>>>>
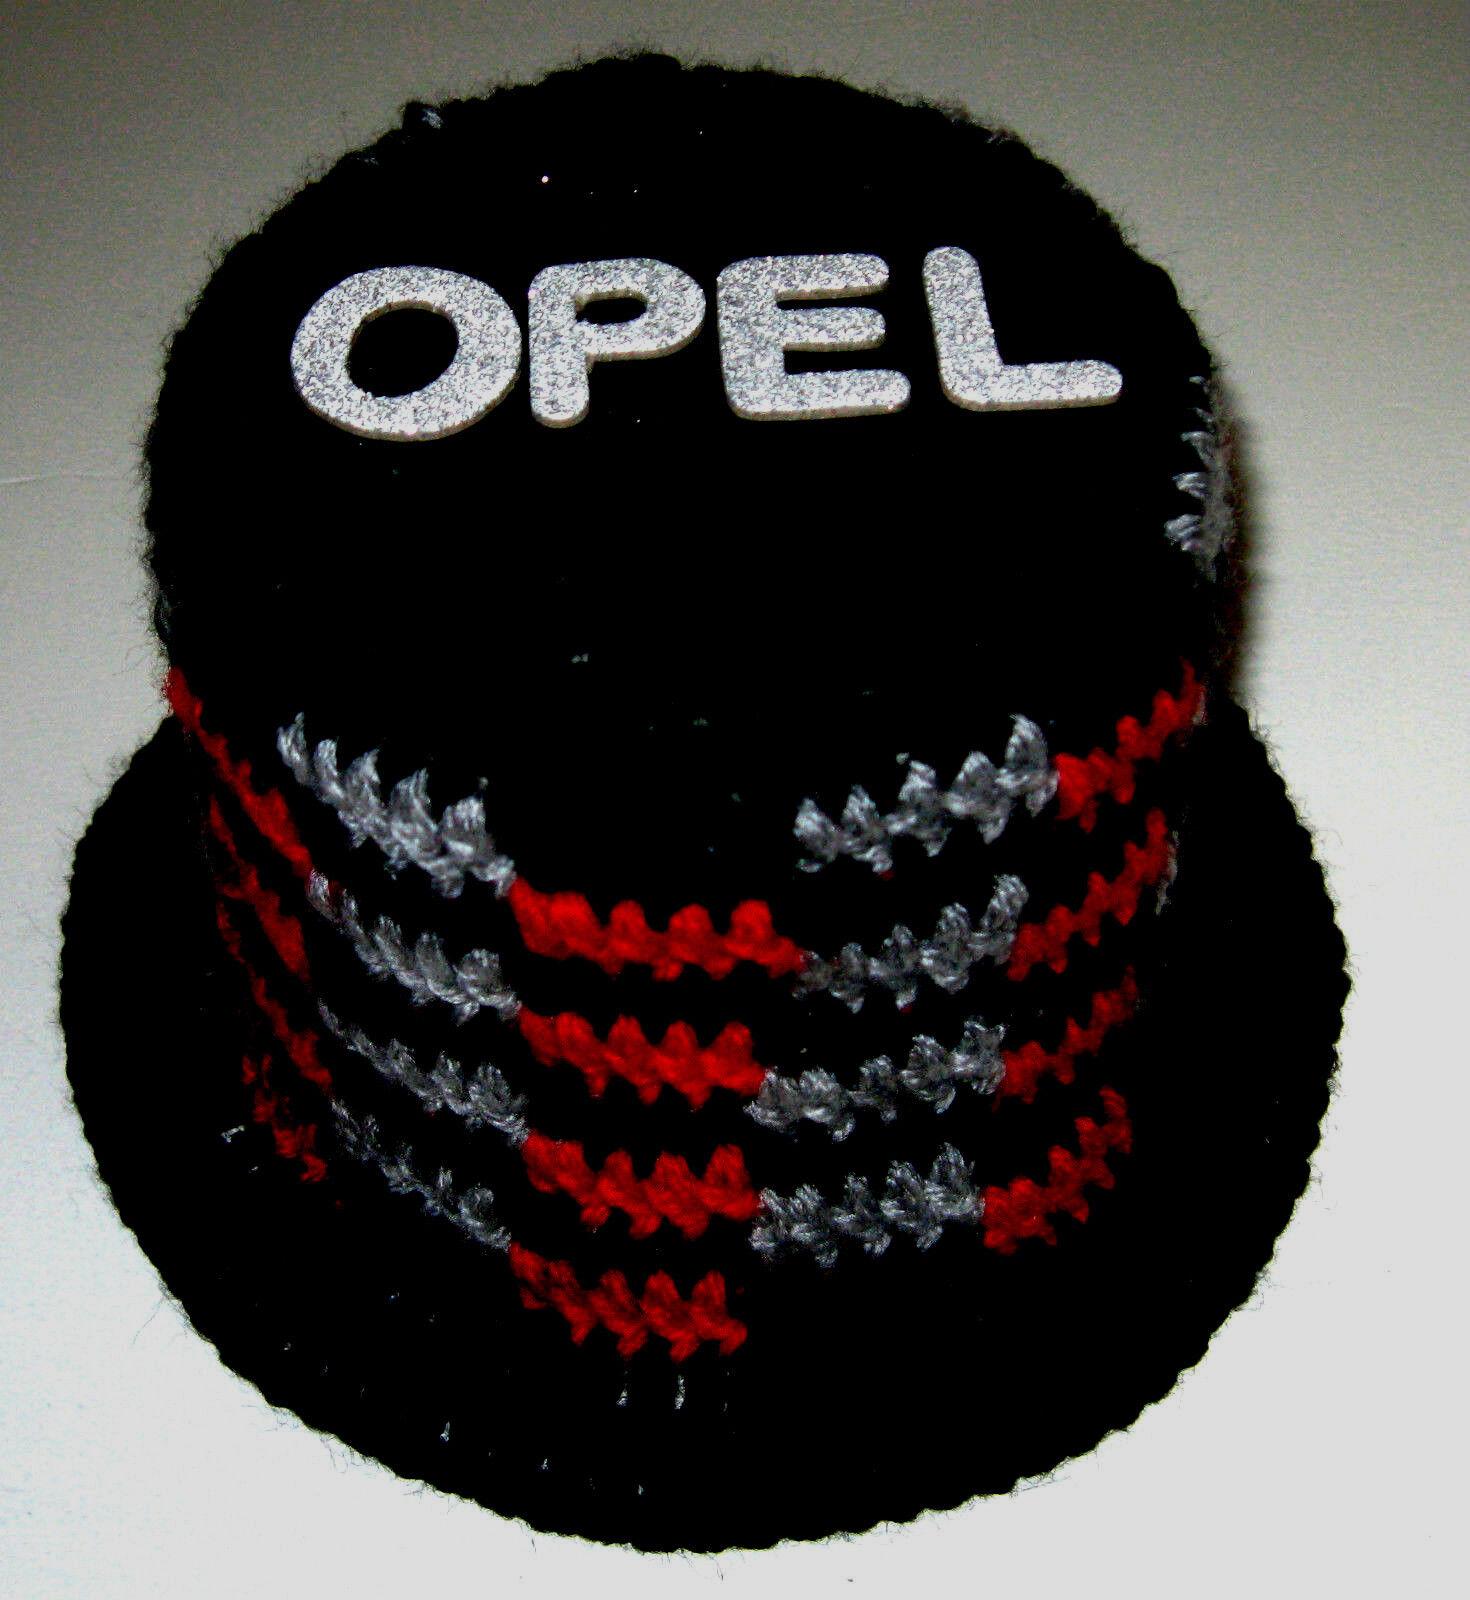 """ OPEL "" Klohut für Klorolle-Toilettenpapier Husse-Hut"
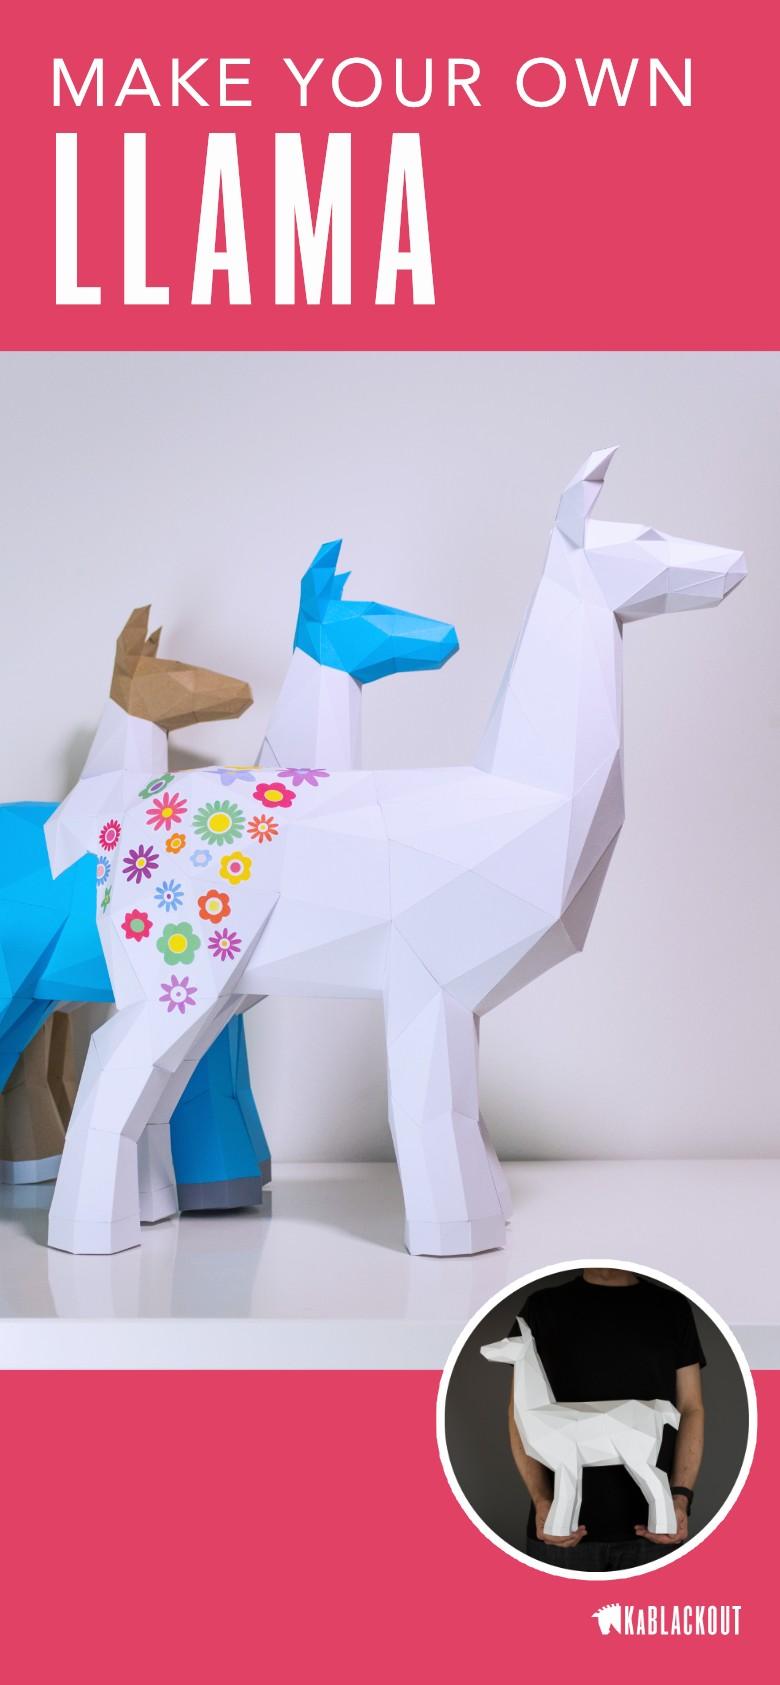 Lion Papercraft Llama Papercraft Low Poly Llama Paper Llama Craft Llama Lover
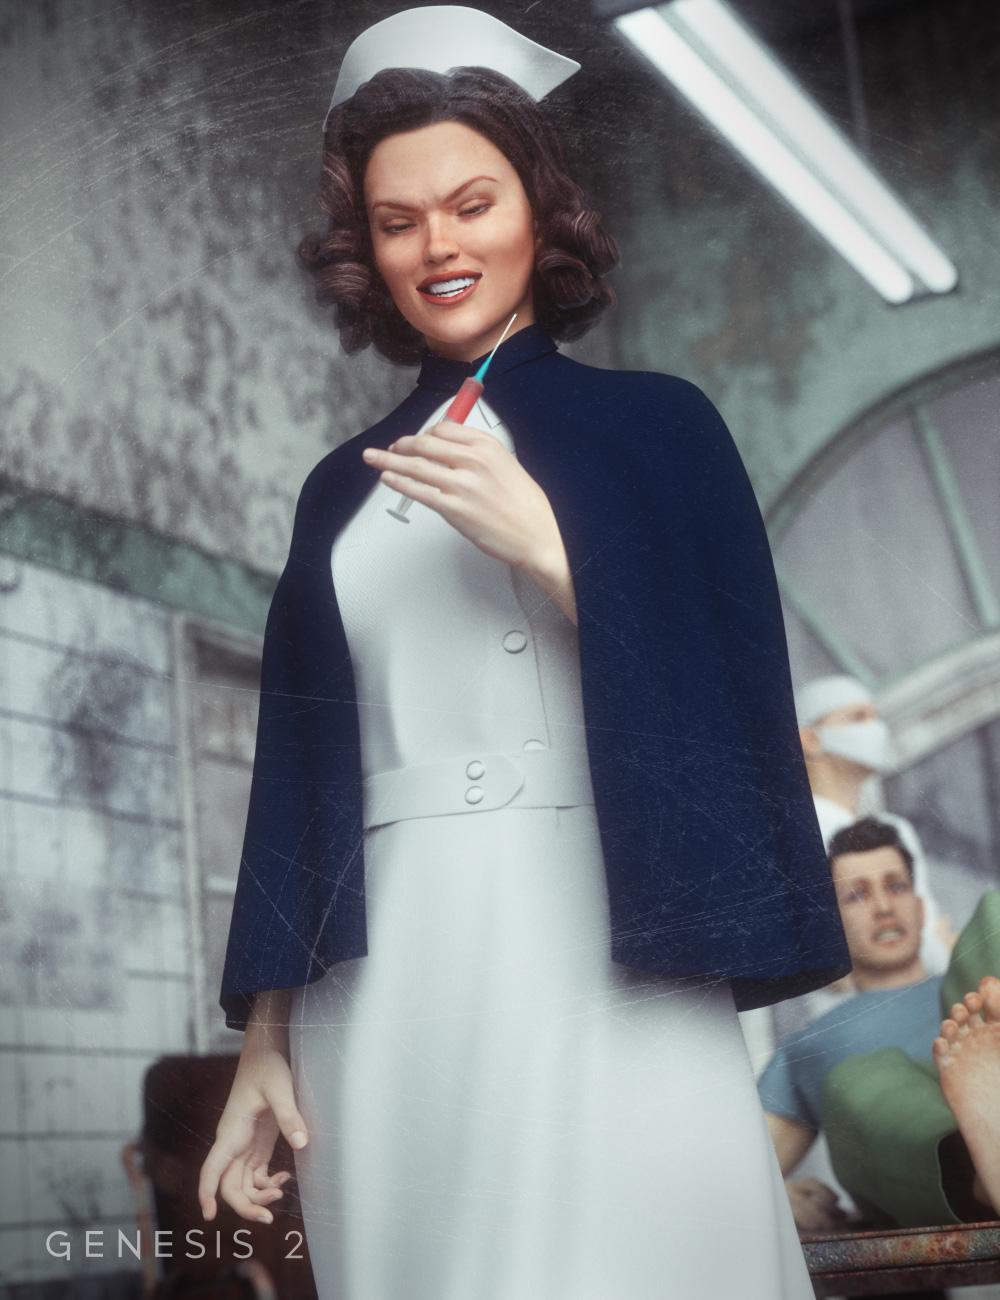 Mad Nurse for Genesis 2 Female(s) by: Ravenhair, 3D Models by Daz 3D
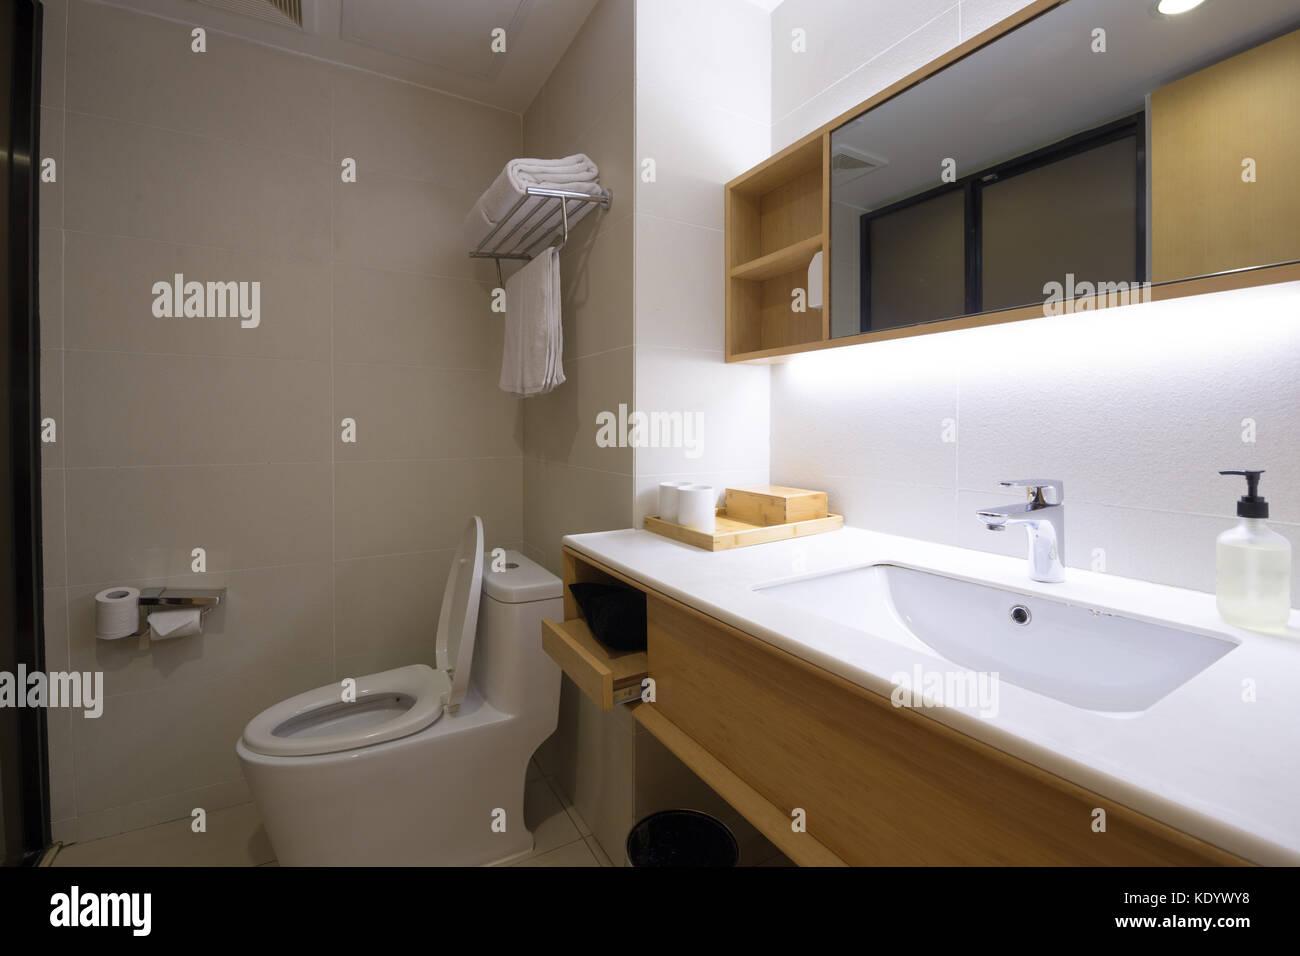 Commercial Bathroom Stock Photo Alamy
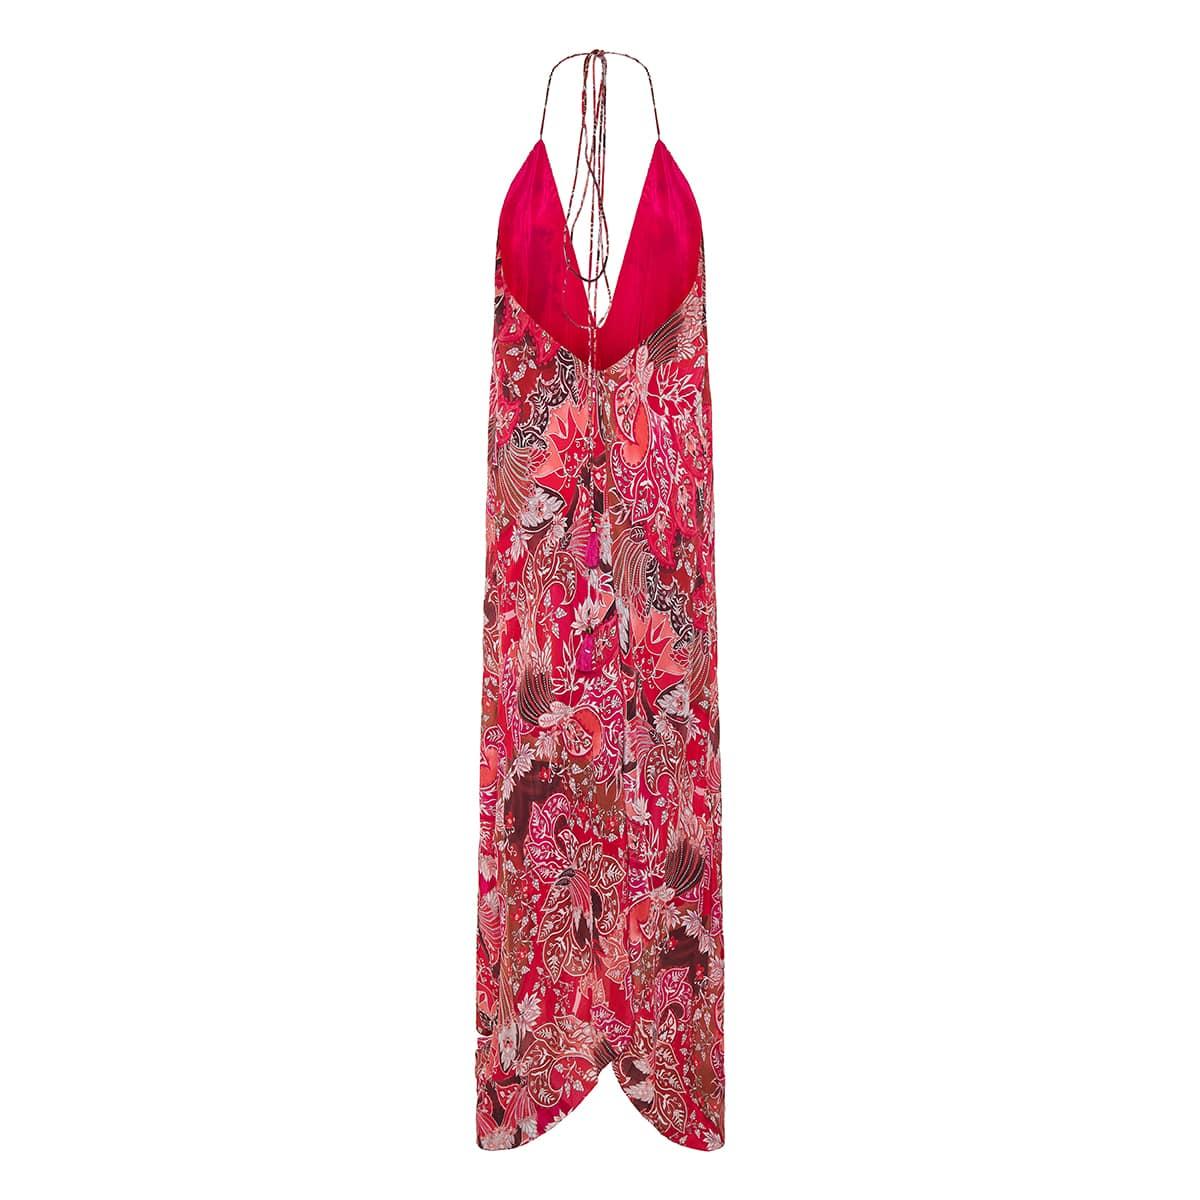 Cho printed long halterneck dress
<<<<
ASSIGNMENT –
Write out the lines of the material from the one containing "Lion Papercraft Llama" through the last, exactly and only those. Leave every picture out.

PROBLEM SOLUTION –
 Lion Papercraft Llama Papercraft Low Poly Llama Paper Llama Craft Llama Lover
 Mad Nurse for Genesis 2 Female(s) by: Ravenhair, 3D Models by Daz 3D
 Commercial Bathroom Stock Photo Alamy
 Cho printed long halterneck dress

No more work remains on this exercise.